= Provided material =

________________________

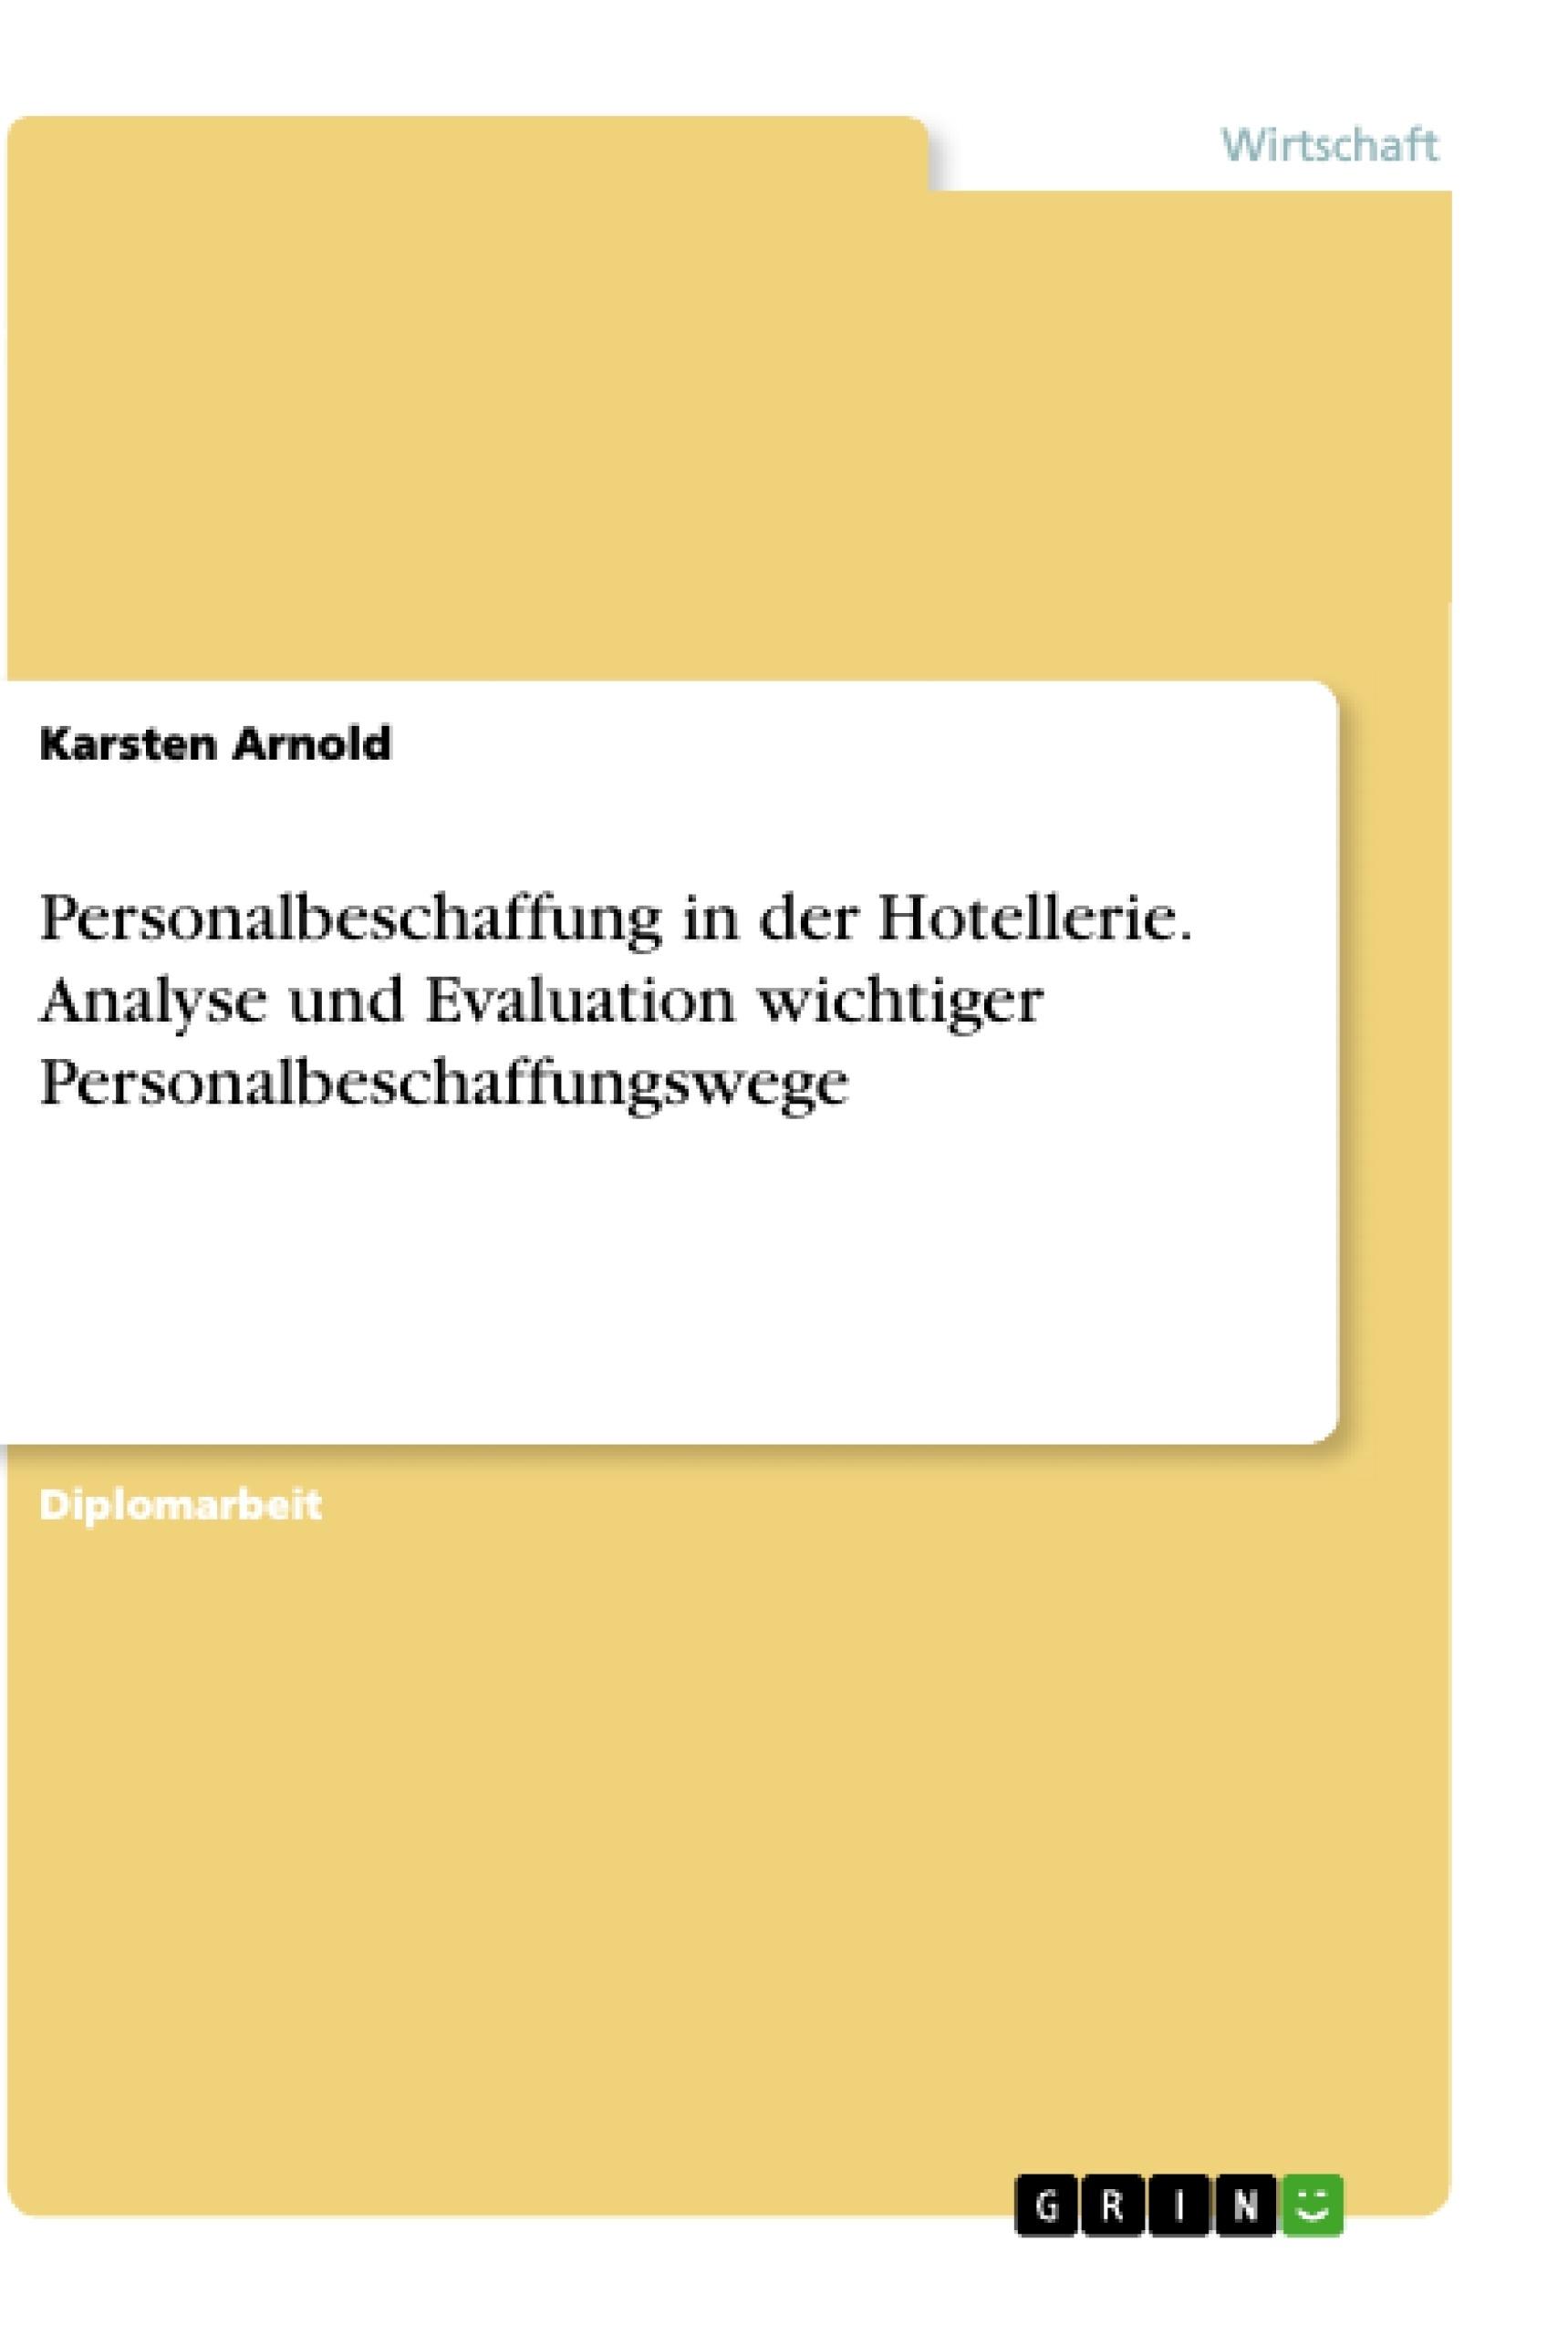 Titel: Personalbeschaffung in der Hotellerie. Analyse und Evaluation wichtiger Personalbeschaffungswege
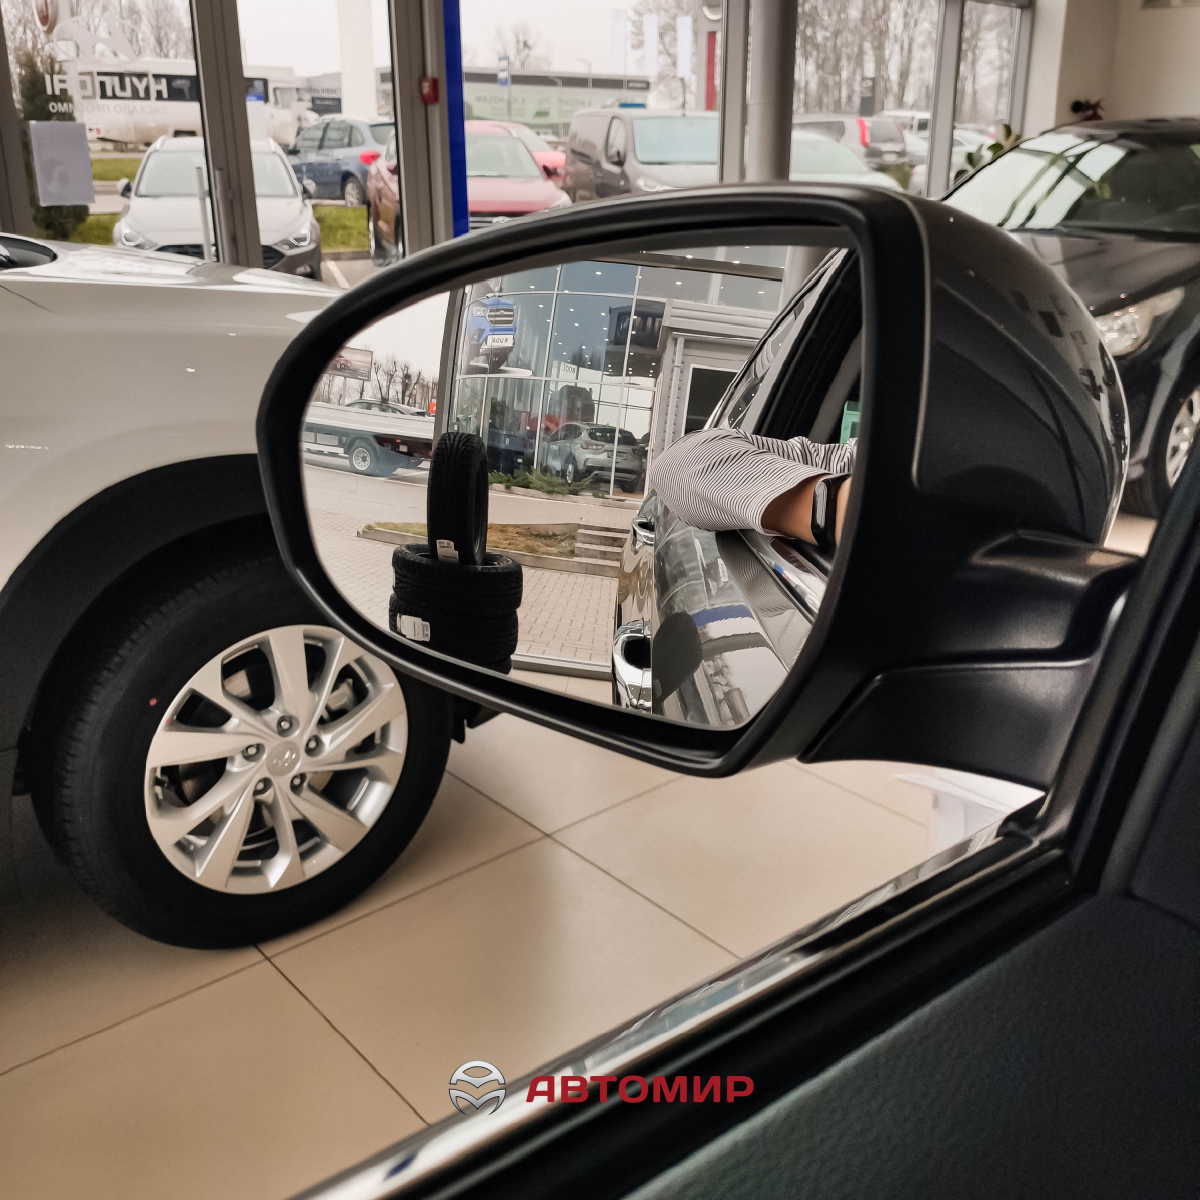 Теплі функції автомобілів Hyundai | Хюндай Мотор Поділля - фото 8
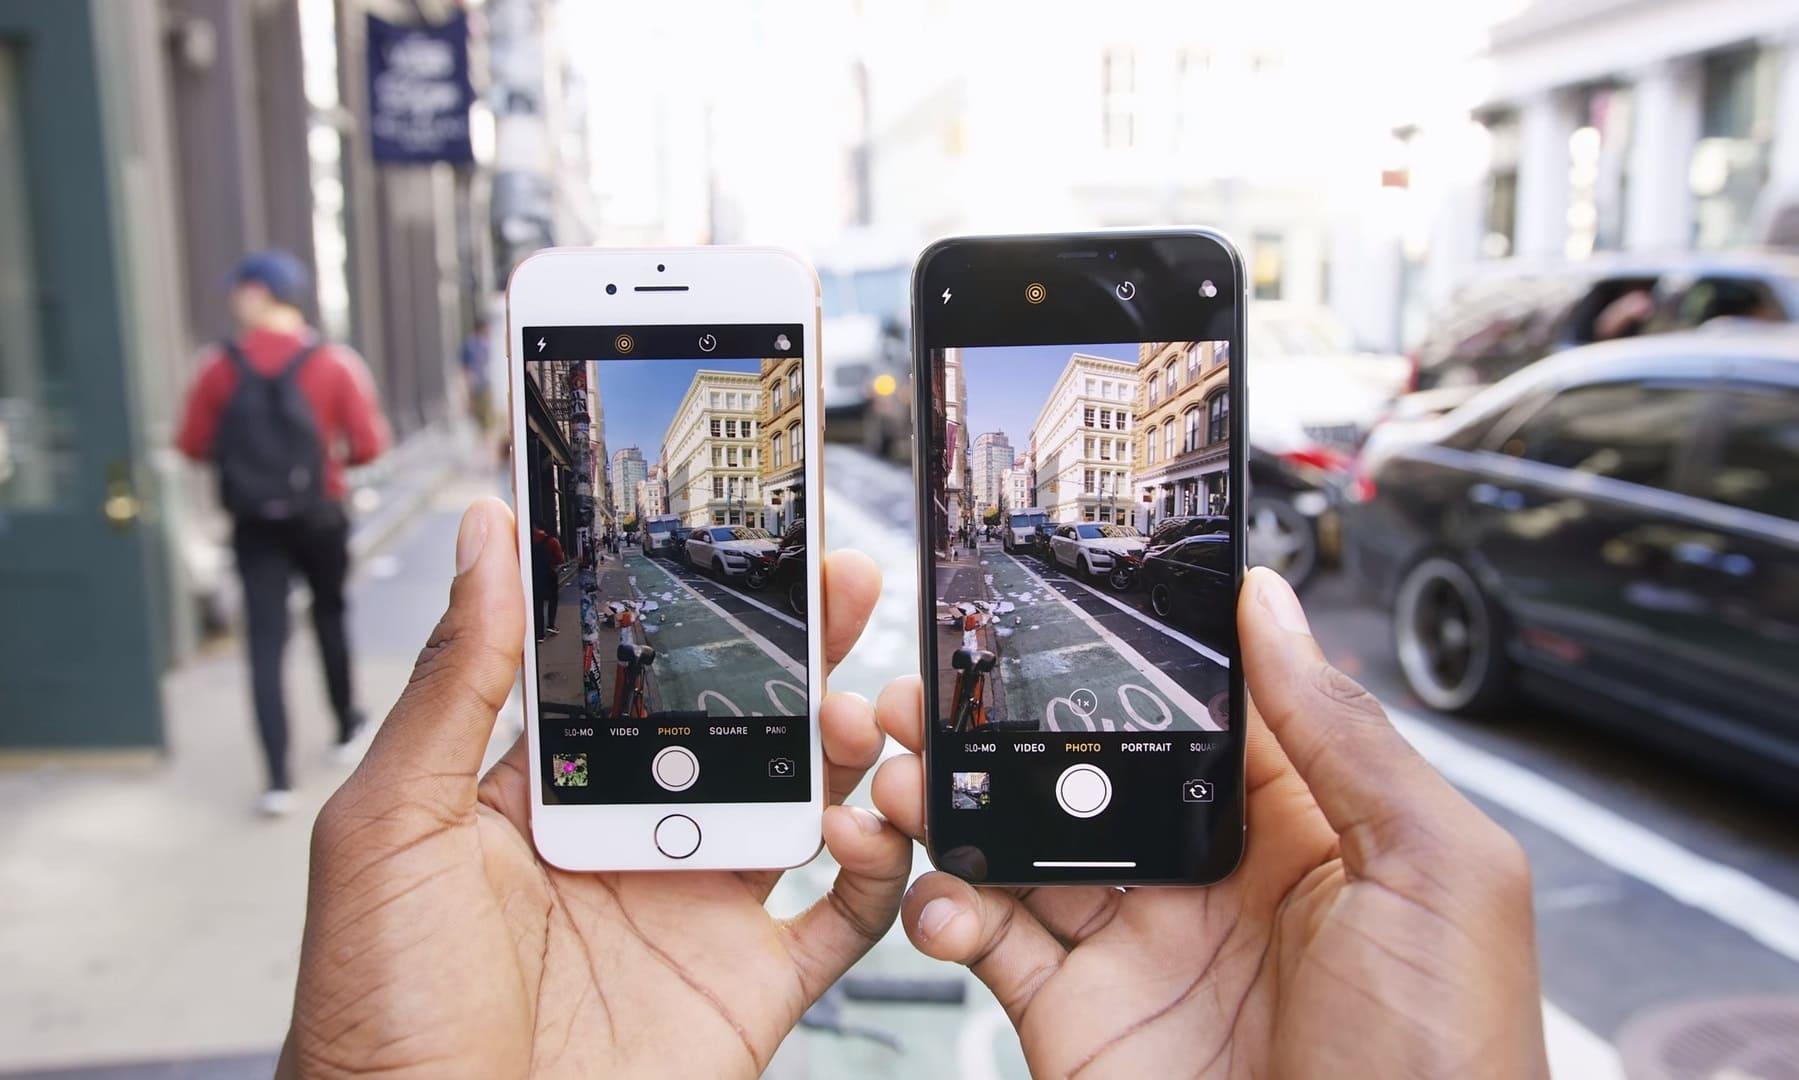 Как настроить камеру на Айфоне

________________________

= What to do =
Could you copy the data above exactly, leaving the pictures out?

= Solved exercise =
 Titel: Personalbeschaffung in der Hotellerie. Analyse und Evaluation wichtiger Personalbeschaffungswege
 Теплі функції автомобілів Hyundai | Хюндай Мотор Поділля - фото 8
 Как настроить камеру на Айфоне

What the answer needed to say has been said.